From the records below, print exactly the lines starting at the one containing "A: Posizionamento degli" and ending at the one containing "C: Segnali elettrici", ends included, and nothing else.

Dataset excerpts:
+===+
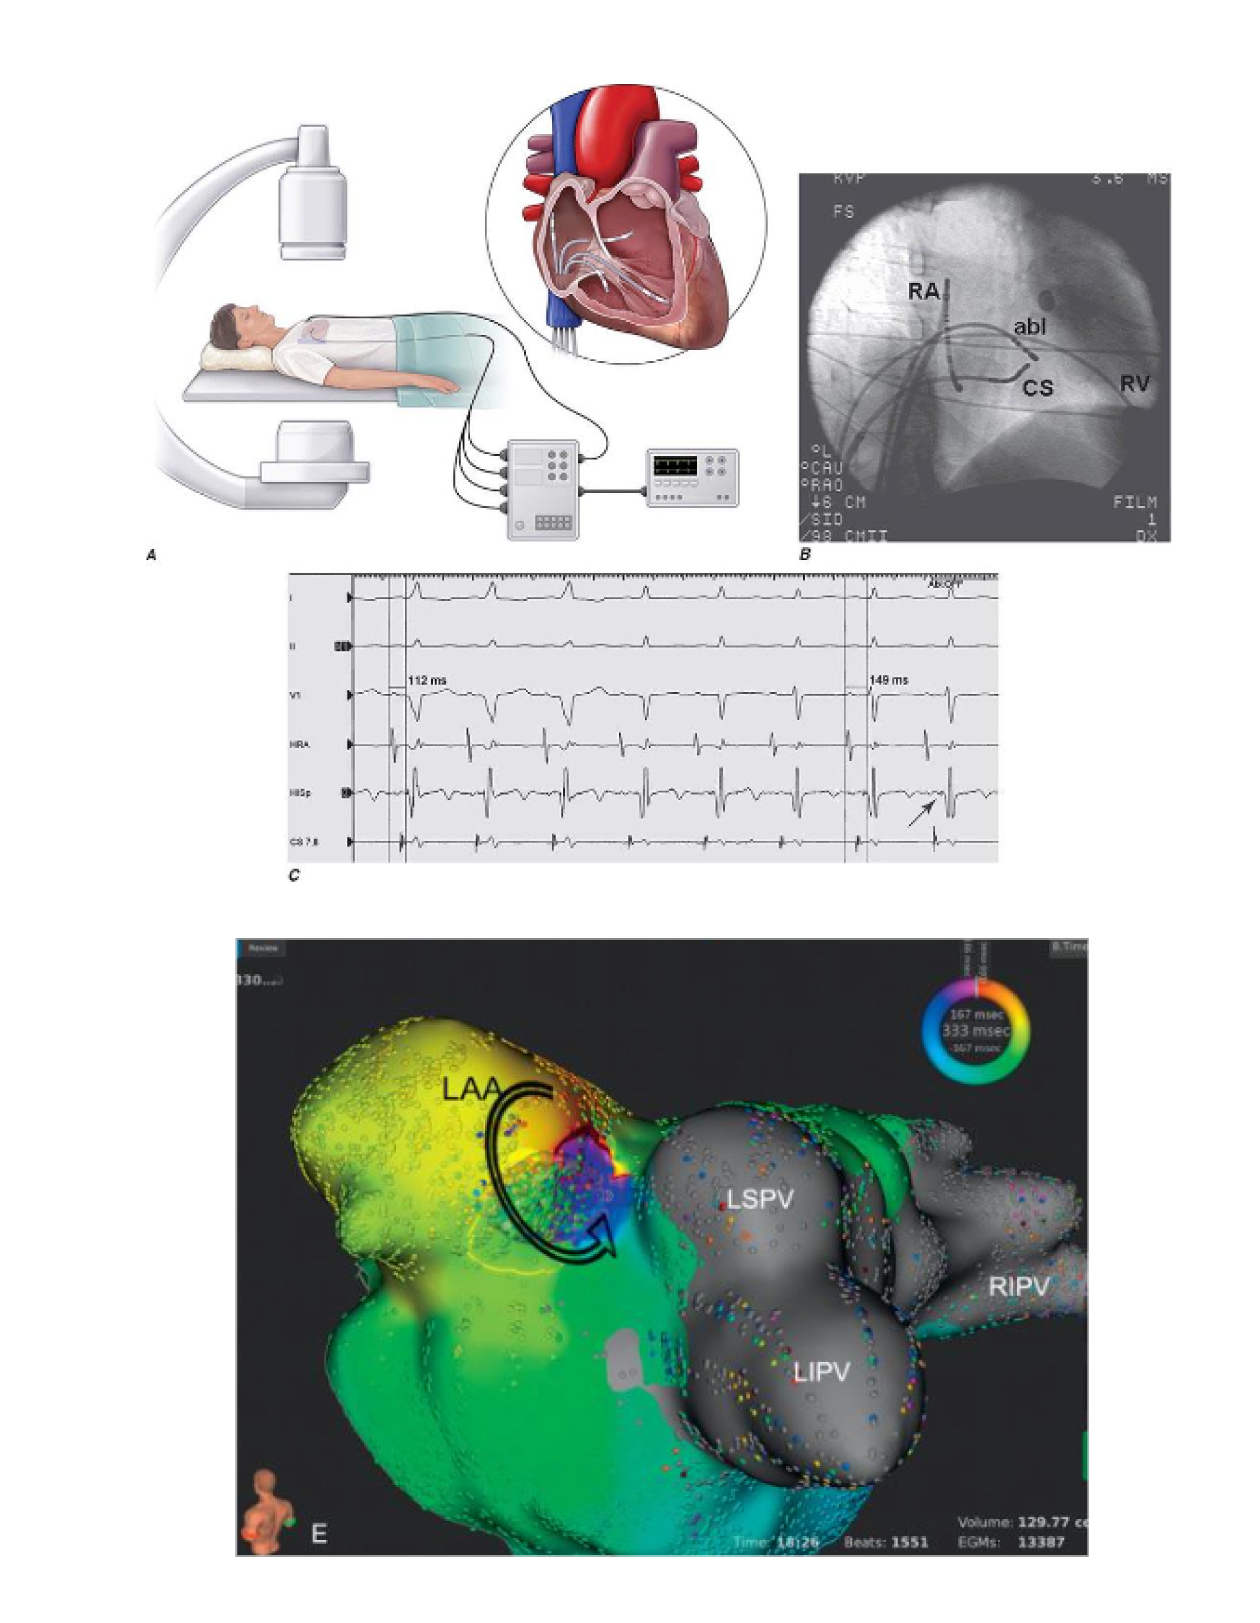 Fig 1 
A: Posizionamento degli elettrodi nelle cavità cardiache inserendoli in sede inguinale 
B: Posizionamento degli elettrodi nelle cavità cardiache immagine radiologica
C: Segnali elettrici registrati mediante gli elettrodi intracardiaci in corso di una aritmia 
D: Mappa elettroanatomica: si visualizza la camera cardiaca ove ha origine la aritmia .I diversi colori indicano il percorso della aritmia
+===+
### Written solution
A: Posizionamento degli elettrodi nelle cavità cardiache inserendoli in sede inguinale 
B: Posizionamento degli elettrodi nelle cavità cardiache immagine radiologica
C: Segnali elettrici registrati mediante gli elettrodi intracardiaci in corso di una aritmia 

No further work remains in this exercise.